REQUIRED ACTION:
Output exactly the line that includes "სარგის კაკაბაძის საოჯახო არქივიდან" and all the lines after it through the end of the listing below, and nothing more.

RECORDS SUPPLIED:
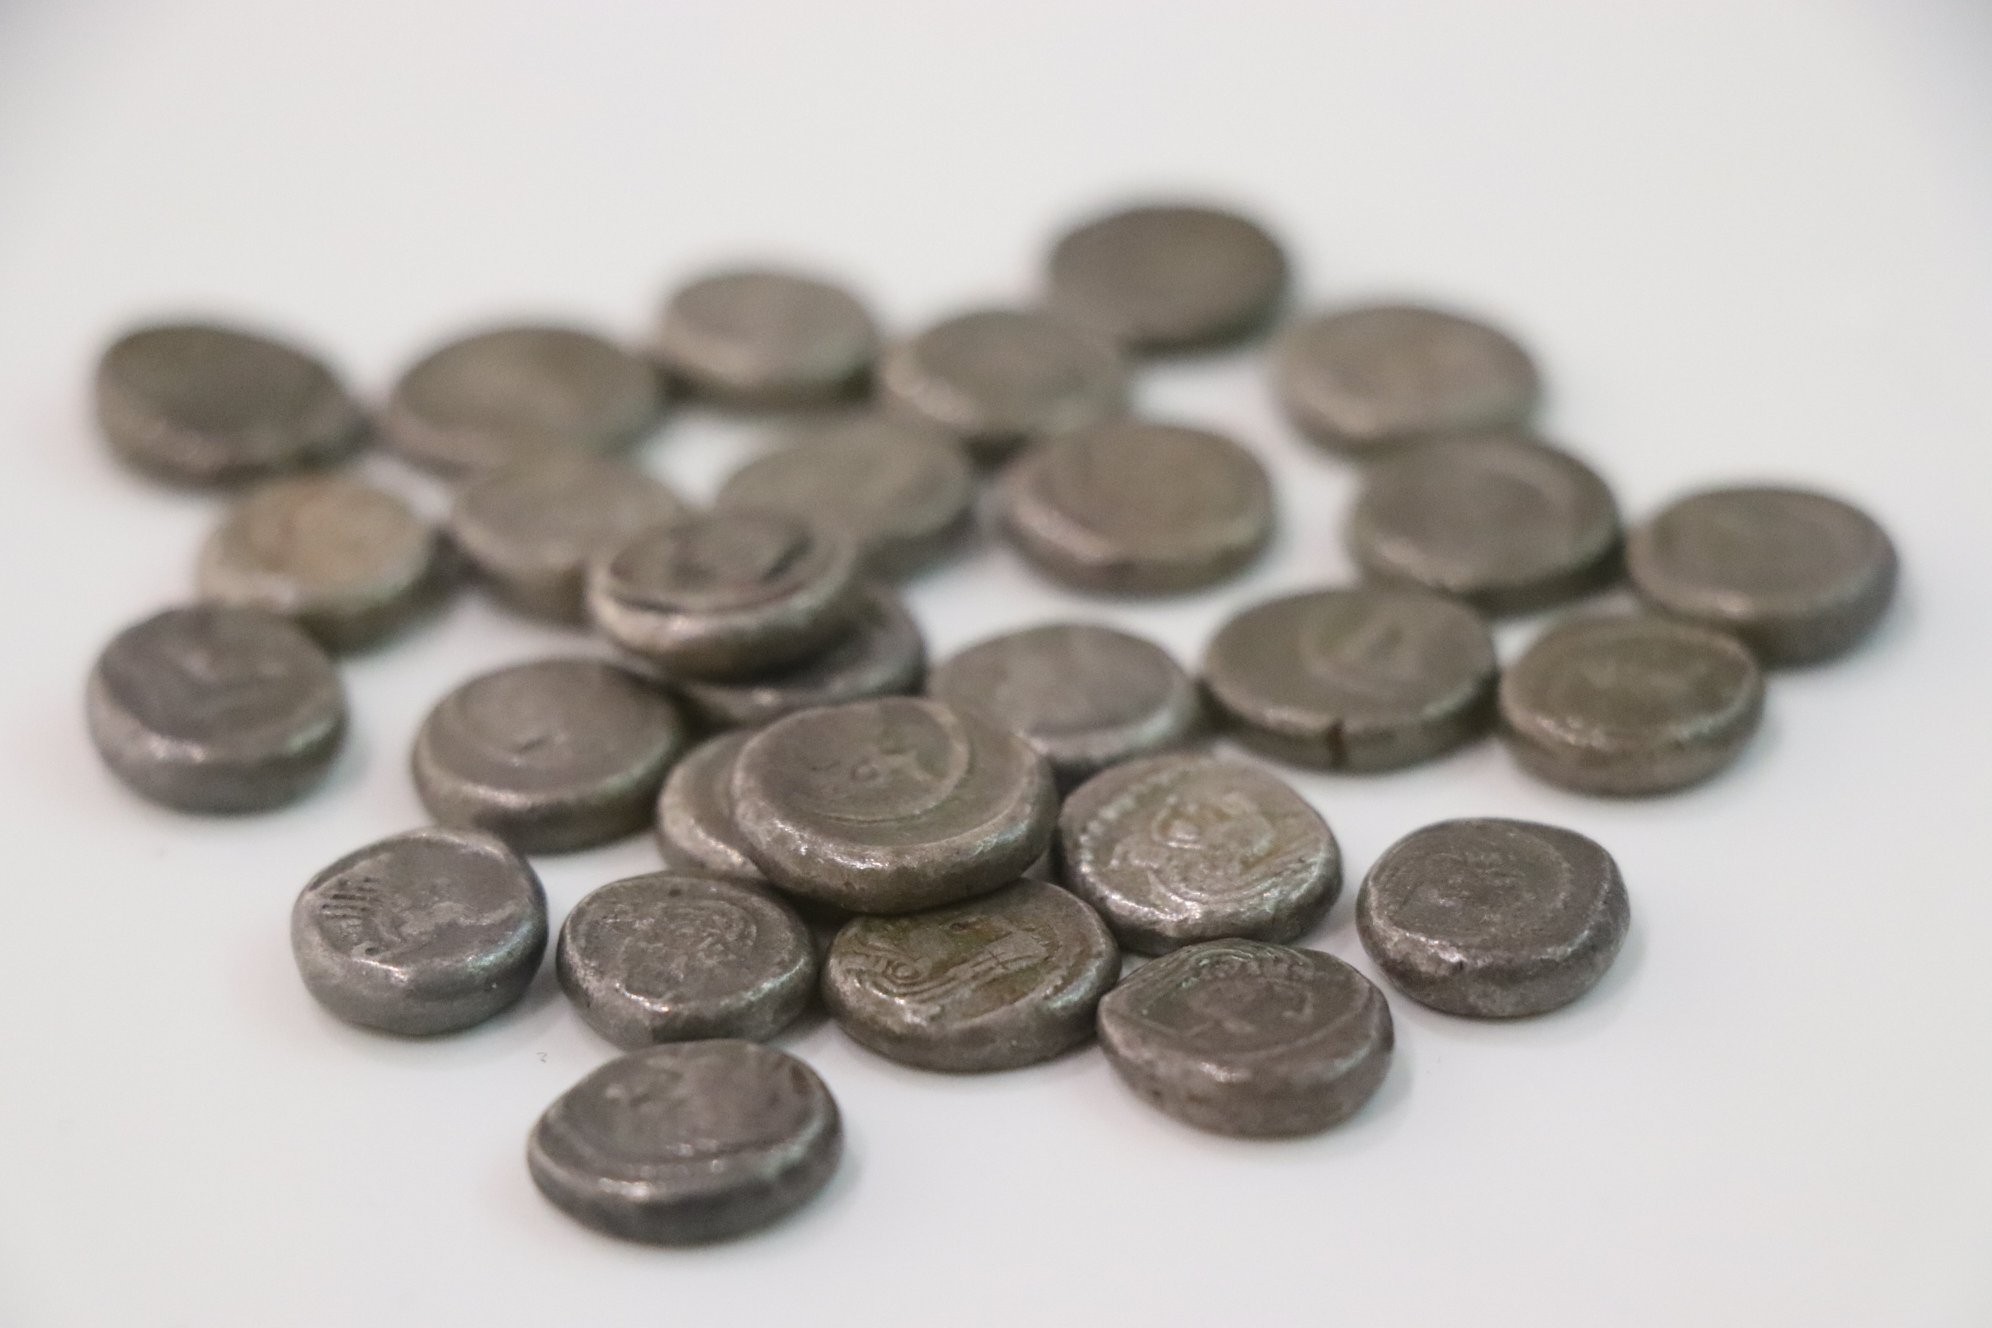 ნახევარდრაქმა. ძვ. წ. V-III სს. კოლხეთი. ვერცხლი
<br>

სარგის კაკაბაძის საოჯახო არქივიდან

<br>
Half-drachm. 5th-3rd centuries BC. Colchis. Silver

SOLUTION BELOW:
სარგის კაკაბაძის საოჯახო არქივიდან

<br>
Half-drachm. 5th-3rd centuries BC. Colchis. Silver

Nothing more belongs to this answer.